Given data START
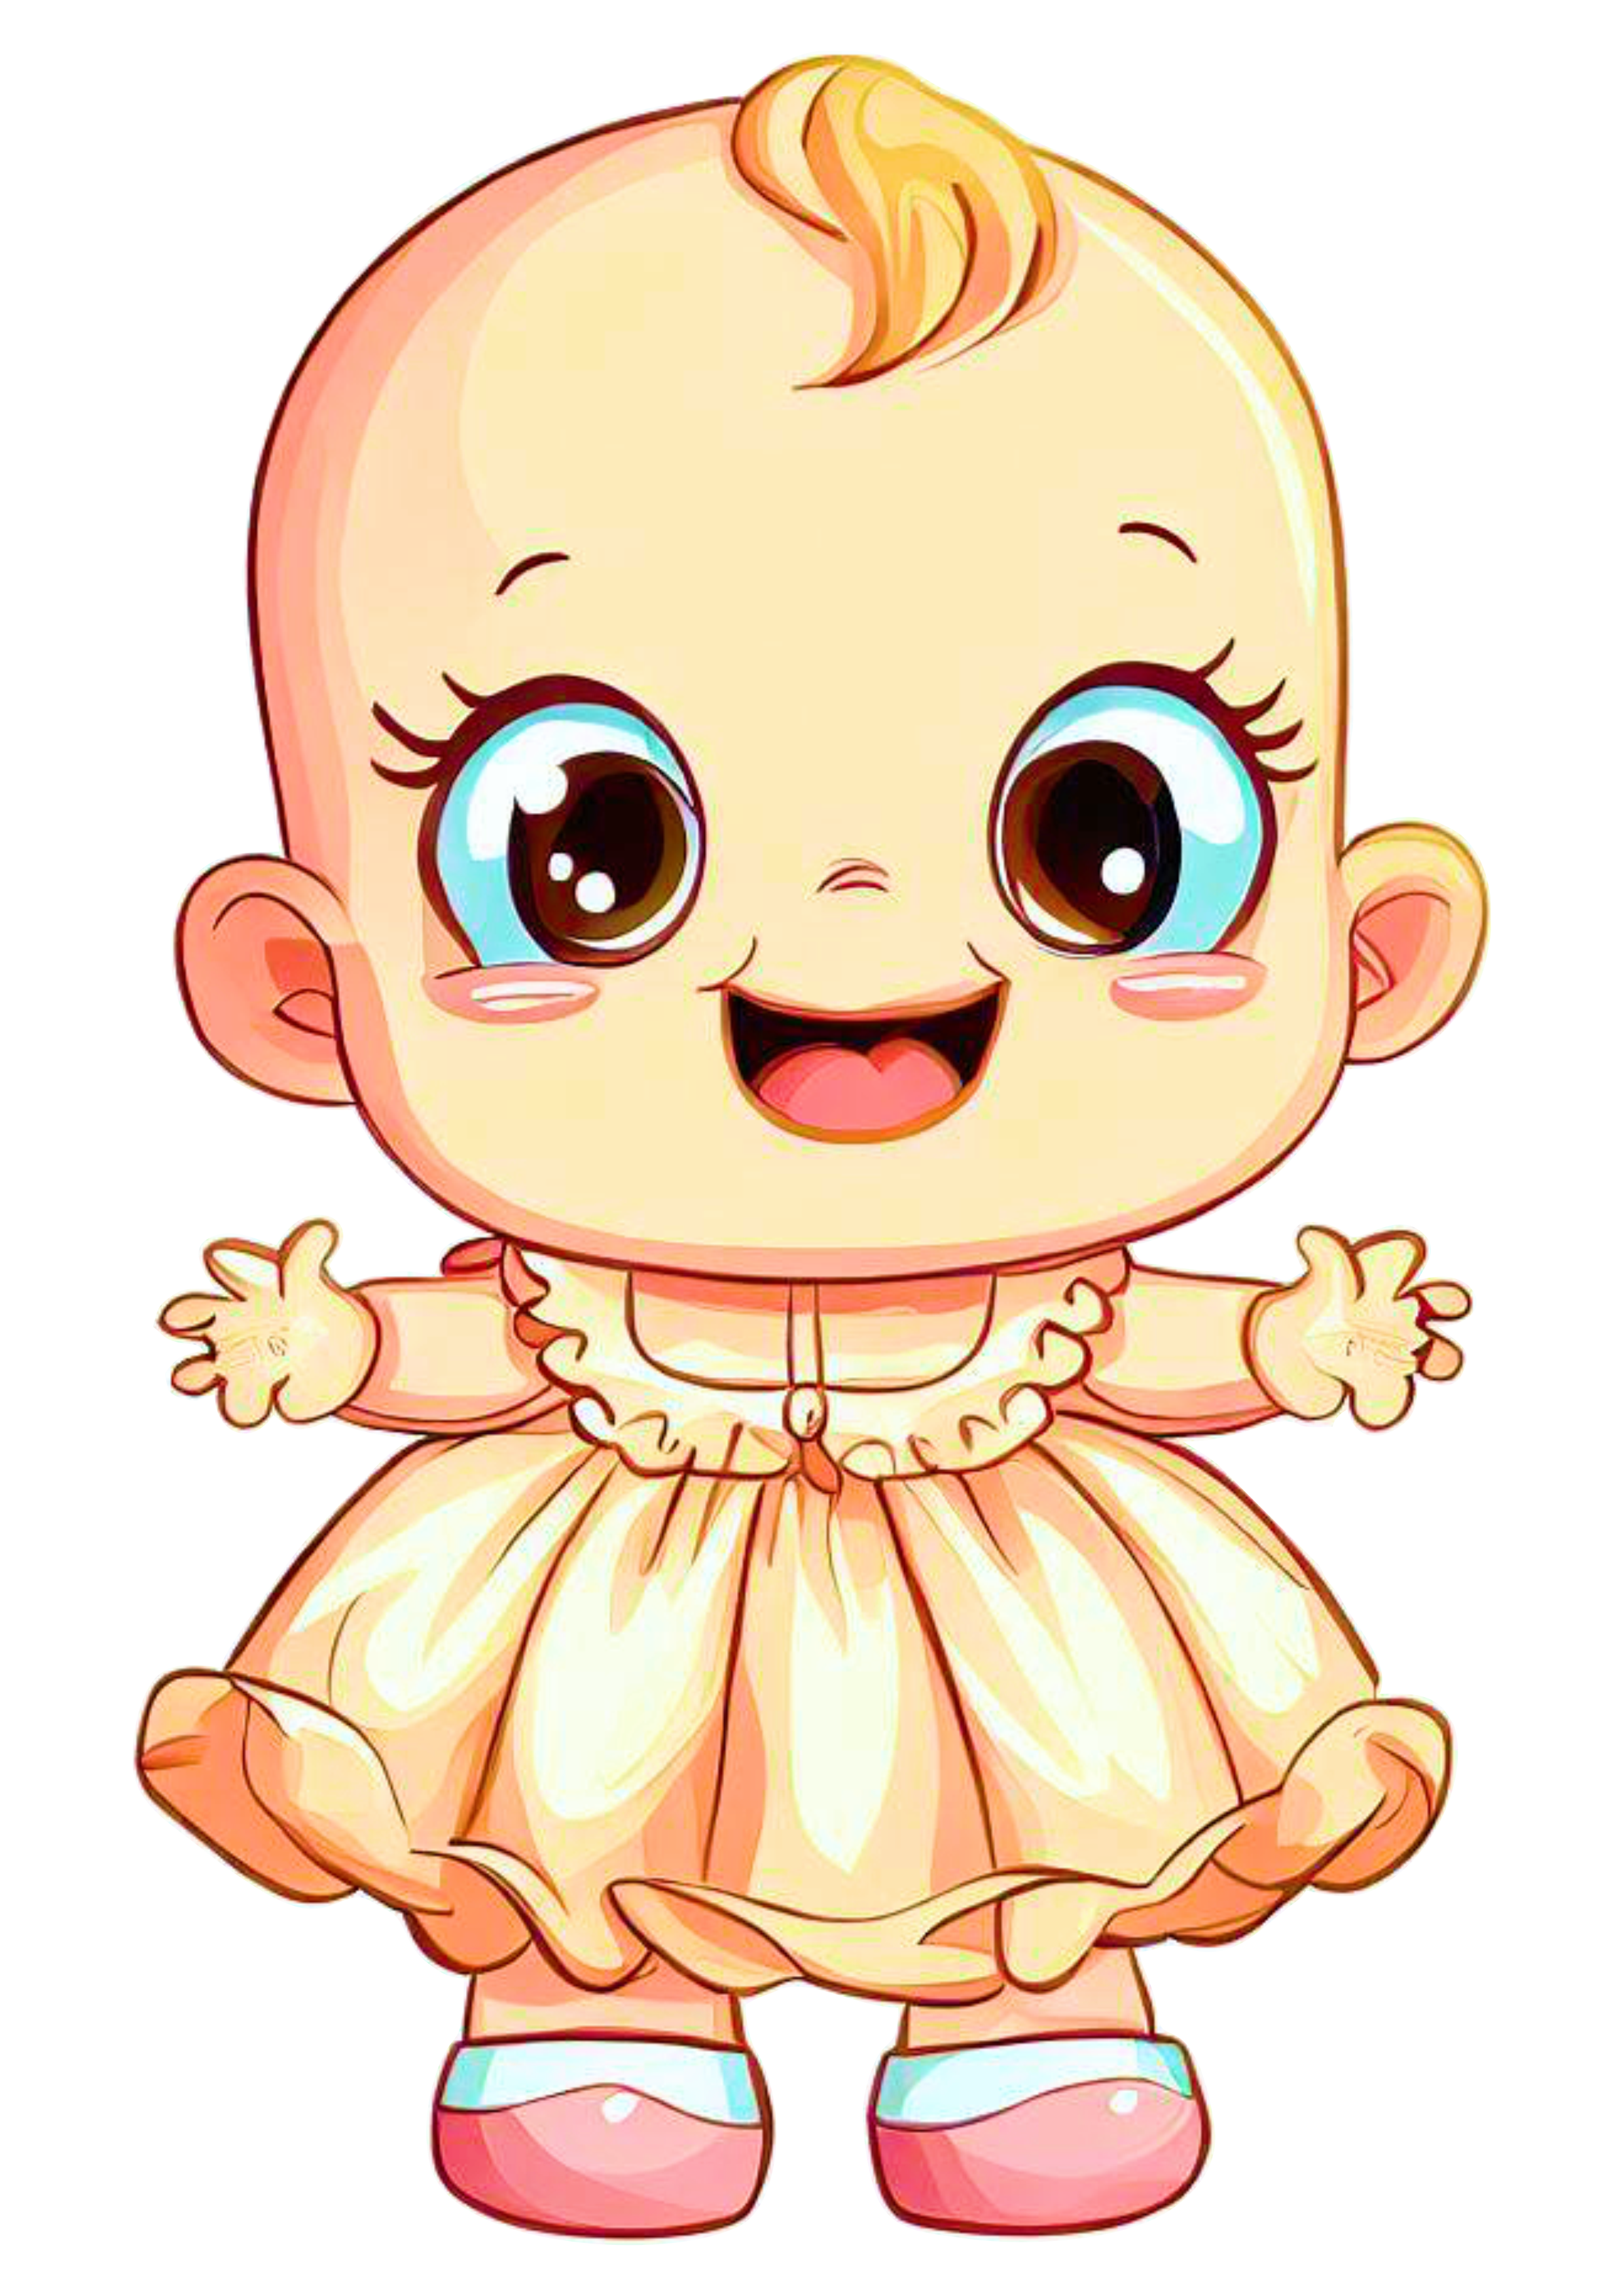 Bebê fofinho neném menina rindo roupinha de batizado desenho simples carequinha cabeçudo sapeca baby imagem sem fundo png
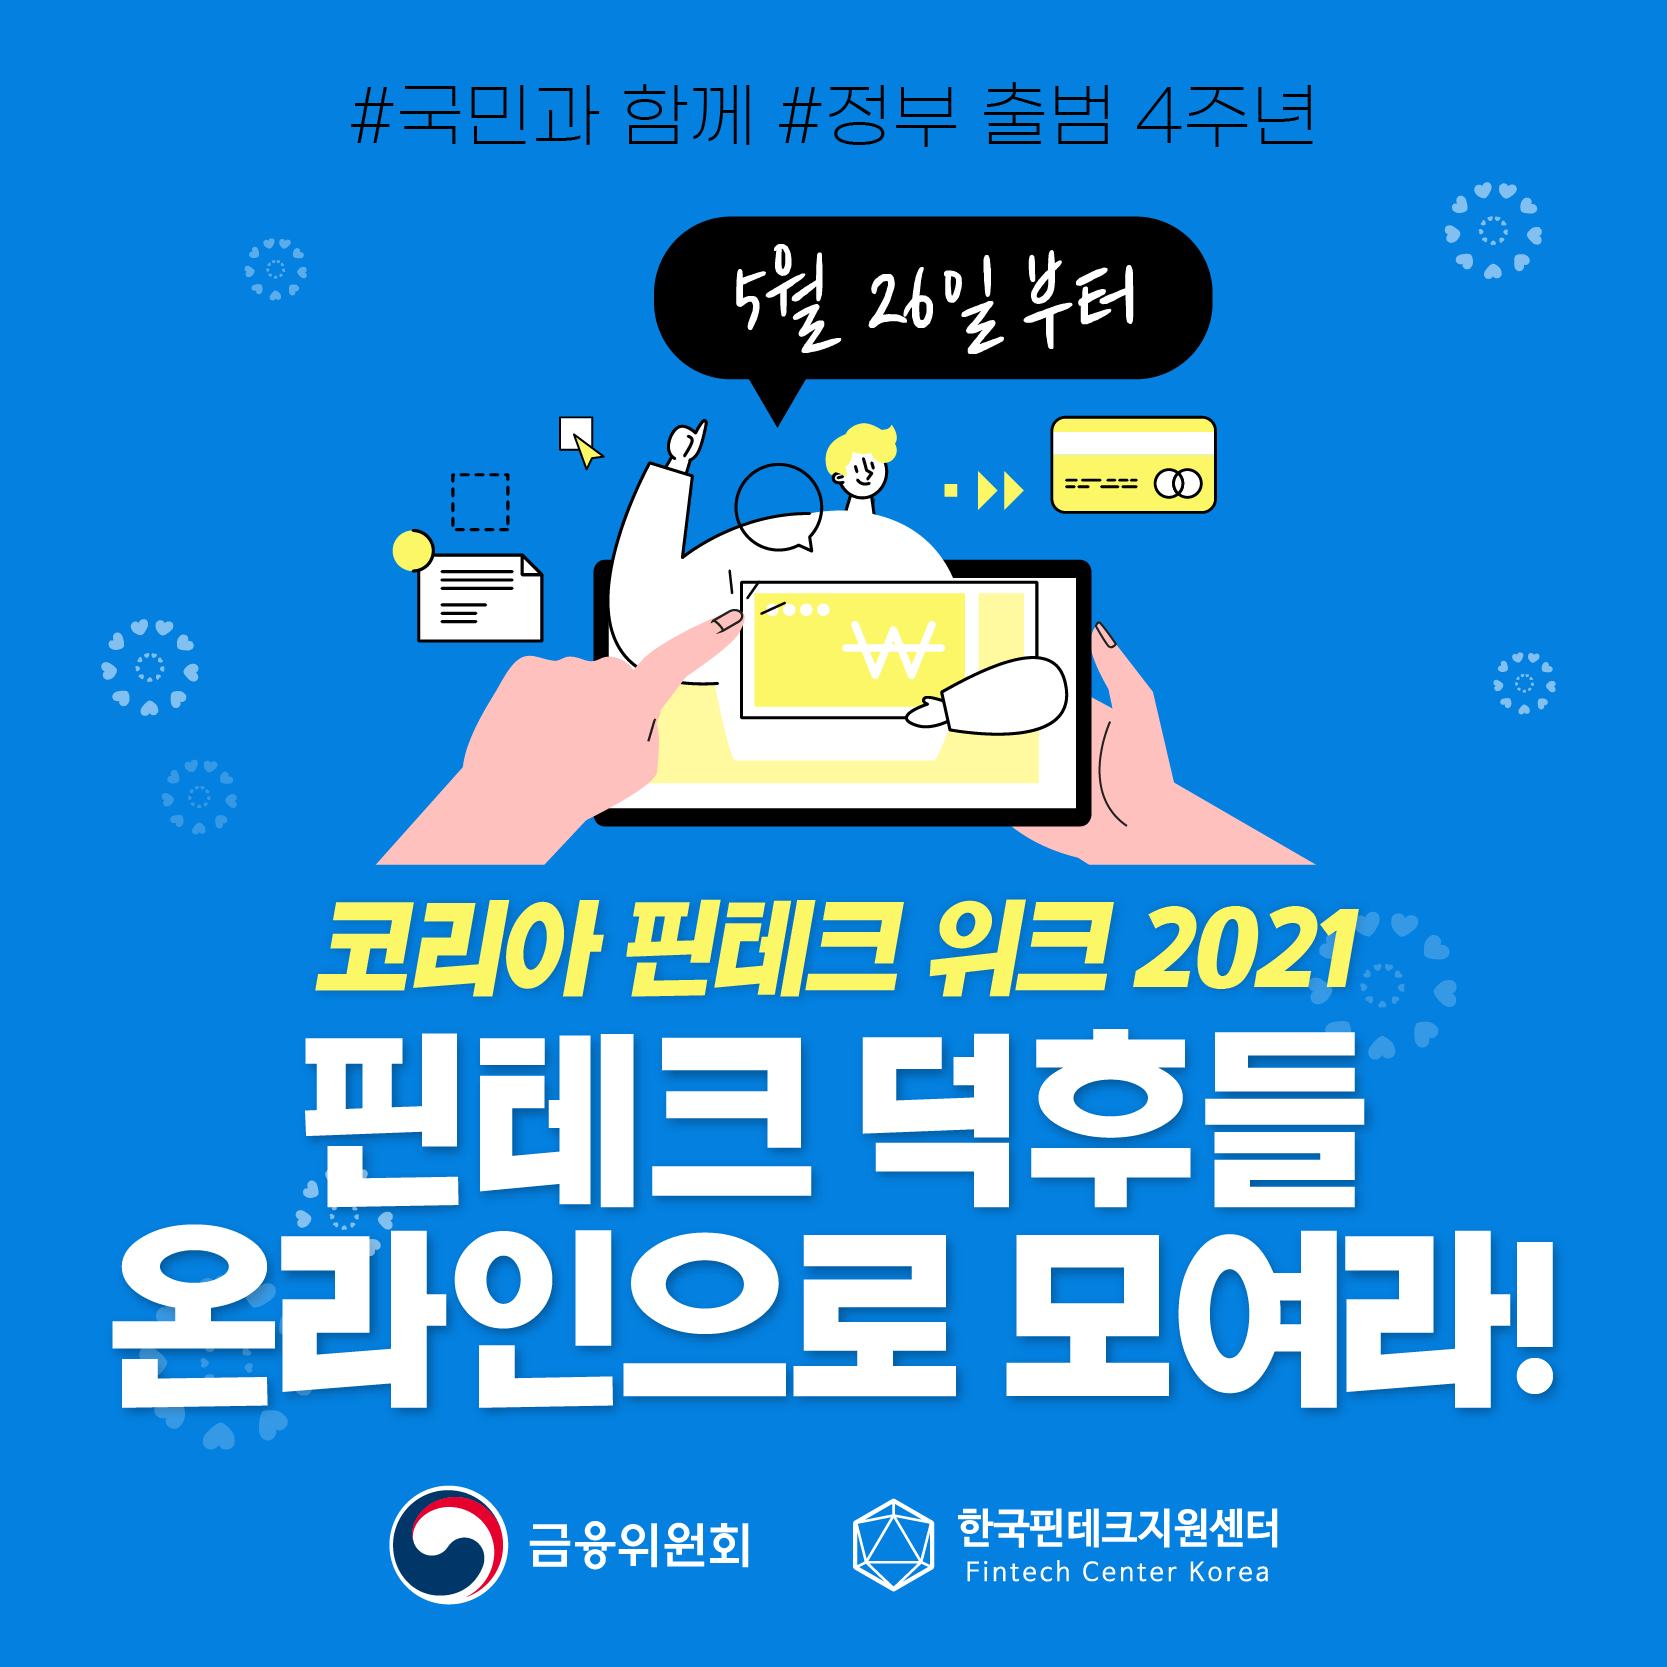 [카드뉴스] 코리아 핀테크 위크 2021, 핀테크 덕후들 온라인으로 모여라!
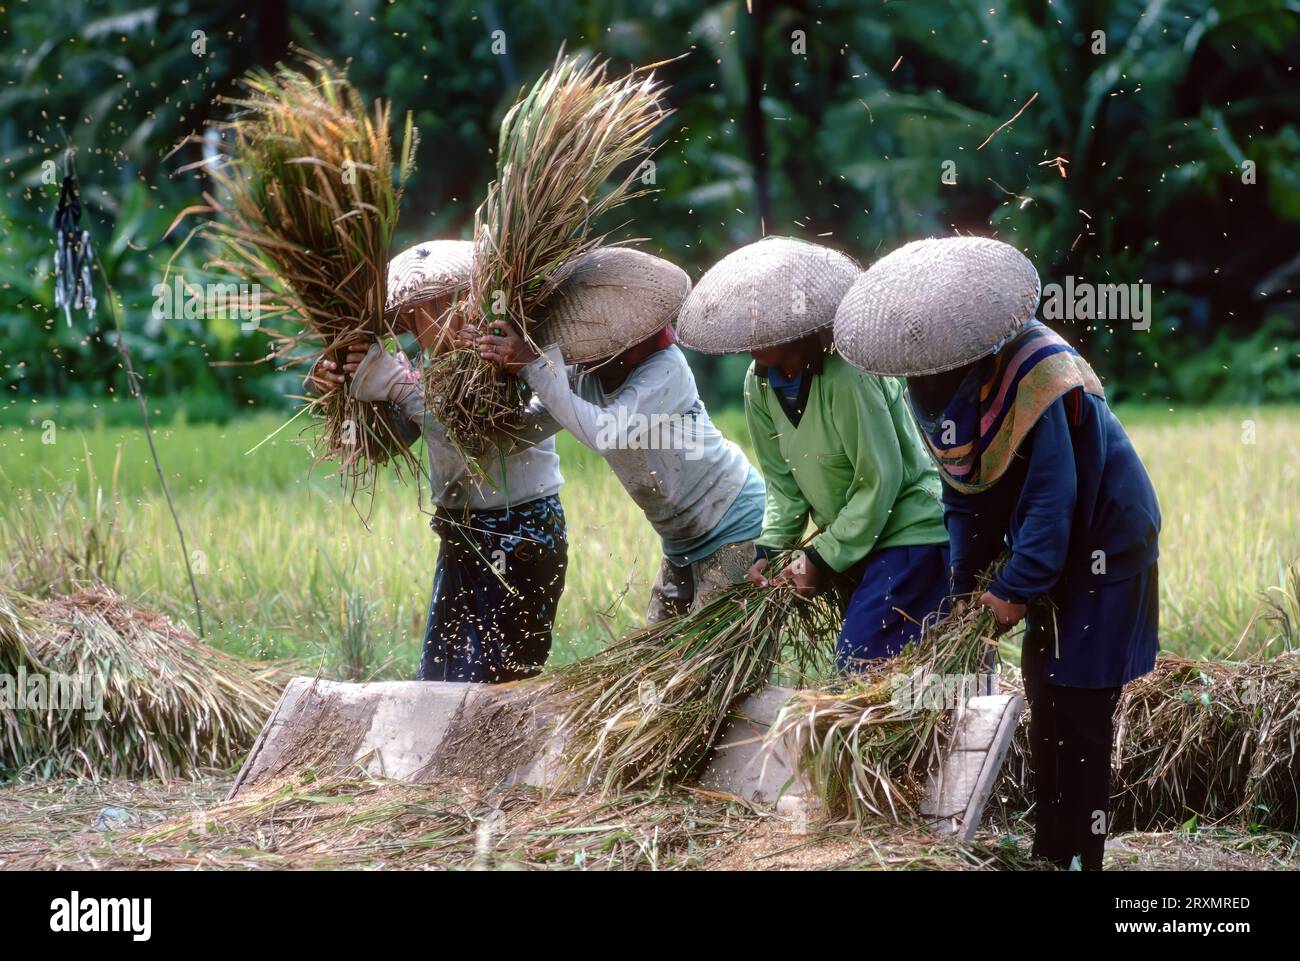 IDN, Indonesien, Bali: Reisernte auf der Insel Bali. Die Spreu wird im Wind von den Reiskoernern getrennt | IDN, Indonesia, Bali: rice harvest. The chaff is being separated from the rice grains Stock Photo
Given data END
Print out the whole of the material word for word, without pictures.

Result »
 Bebê fofinho neném menina rindo roupinha de batizado desenho simples carequinha cabeçudo sapeca baby imagem sem fundo png
 [카드뉴스] 코리아 핀테크 위크 2021, 핀테크 덕후들 온라인으로 모여라!
 IDN, Indonesien, Bali: Reisernte auf der Insel Bali. Die Spreu wird im Wind von den Reiskoernern getrennt | IDN, Indonesia, Bali: rice harvest. The chaff is being separated from the rice grains Stock Photo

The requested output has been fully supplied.